Amy: Oh, I'm glad you asked that question because [chuckles] the birth rate question is one that people have been talking about since before the pandemic, but it's come up again during the pandemic. Early in the pandemic, I saw articles with authors arguing that we should expect to see a baby boom at some point in the near future as a result of the reality that we're all stuck at home with less to do than we once had. I actually think we're going to see something quite different from that.
We know from decades of demographic research that in times of economic stress that birth rates go down and we all know what the economic impact of the pandemic has been. I do think that we're going to see birth rates continue to decline as a result of the pandemic, absolutely. I hope that we will start to see more acceptance of childfree people in the childfree choice.
I think the jury is still out on that, but one thing that gives me hope with respect to what's happening in the pandemic is that it has opened up a space for parents to talk about the challenges of parenting and I think that that has to be a part of the conversation about why people may opt out of parenthood and why parenthood might not be the best fit for all of us. I'm hopeful that the result will be wider acceptance of the childfree choice. I think we have to wait and see.
Tanzina: Samhita, in your piece in The Atlantic, you wrote, and I'm quoting here, "For the first time in a long time, I don't think it really makes sense for me to have children, the future is too uncertain and the current environment too unsafe." That's a quote from your piece in The Atlantic and I'm wondering if you could expound on that because I imagine that COVID-19 has revealed a lot about the structural inequities that we face in this country for having children. What can you tell us about that even more?
Samhita: Absolutely. I say this in the piece, I turned 42 this year, and at the beginning of this year, I was looking into potential fertility treatments and considering what it would look like to have a child on my own. As I was starting that medical process, the pandemic hit and as we know necessary medical, we stopped having access to the types of appointments and meetings you need.
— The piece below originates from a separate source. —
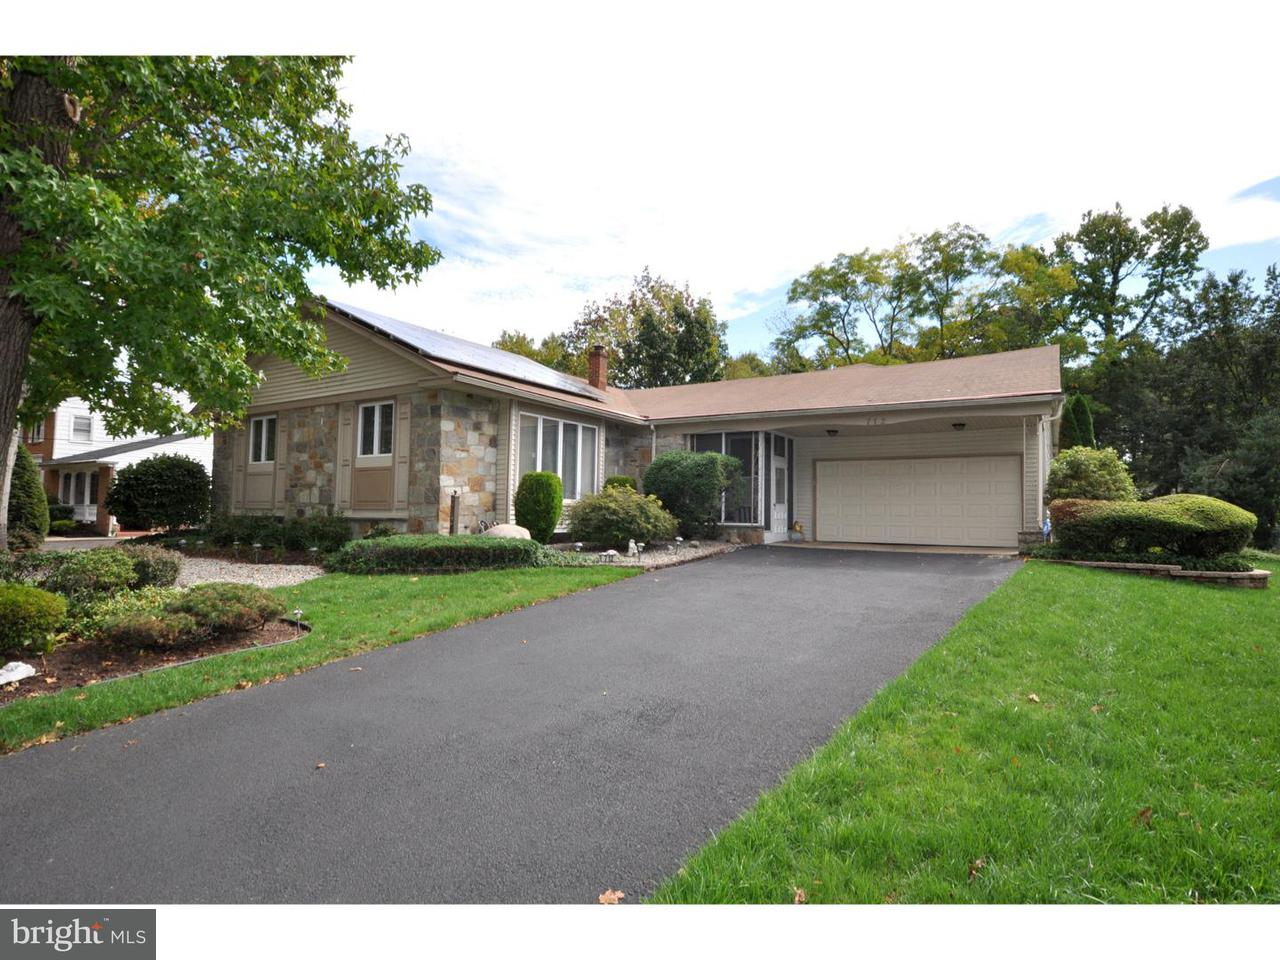 Einfamilienhaus für Verkauf beim 712 FOXCROFT Drive Cinnaminson Township, New Jersey 08077 Vereinigte Staaten

It almost felt like a moment of intervention where I thought, wow, this would not be an easy thing for me to try and navigate, especially in a moment like this.
Just from a medical perspective, it brought up a lot of questions for me in terms of how much that requires and our very precarious system that can't really expand to meet the demands of the moment. That was one of the first things. The second was, having conversations with my friends about what a hard time they were having and how they were trying to juggle all the different pieces and to Dr. Blackstone's point, what we're seeing is that the division of labor for heterosexual straight couples, the division of labor tends to fall on the woman and more so.
You have that article in The New York Times where a woman was like, "I had to dissolve my business because I had to take care of my children." Everybody was like, "The husband couldn't do one thing? You couldn't support with any part of the child-rearing."
Tanzina: That could happen, we should say, that could also happen in same-sex couples, dynamics are different, but there always is some sort of division of labor, right?
Interviewee: Absolutely, there's one person who takes a bigger role in the child-rearing and it could be for many reasons. That imbalance really made me start to think about how these structures that we hope will set us free, will give us joy, will fulfill our lives. Often, we end up confined in these environments and we don't have a ton of-- The assumption is, of course, my marriage is equal, of course, we're dividing this labor, but the truth is that that's not always happening. How do we kind of navigate that while still not fully losing ourselves?
Tanzina: Samhita Mukhopadhyay is the executive editor of Teen Vogue and Dr. Amy Blackstone is a sociology professor at the University of Maine and the author of Childfree by Choice. Thanks to you both for joining me.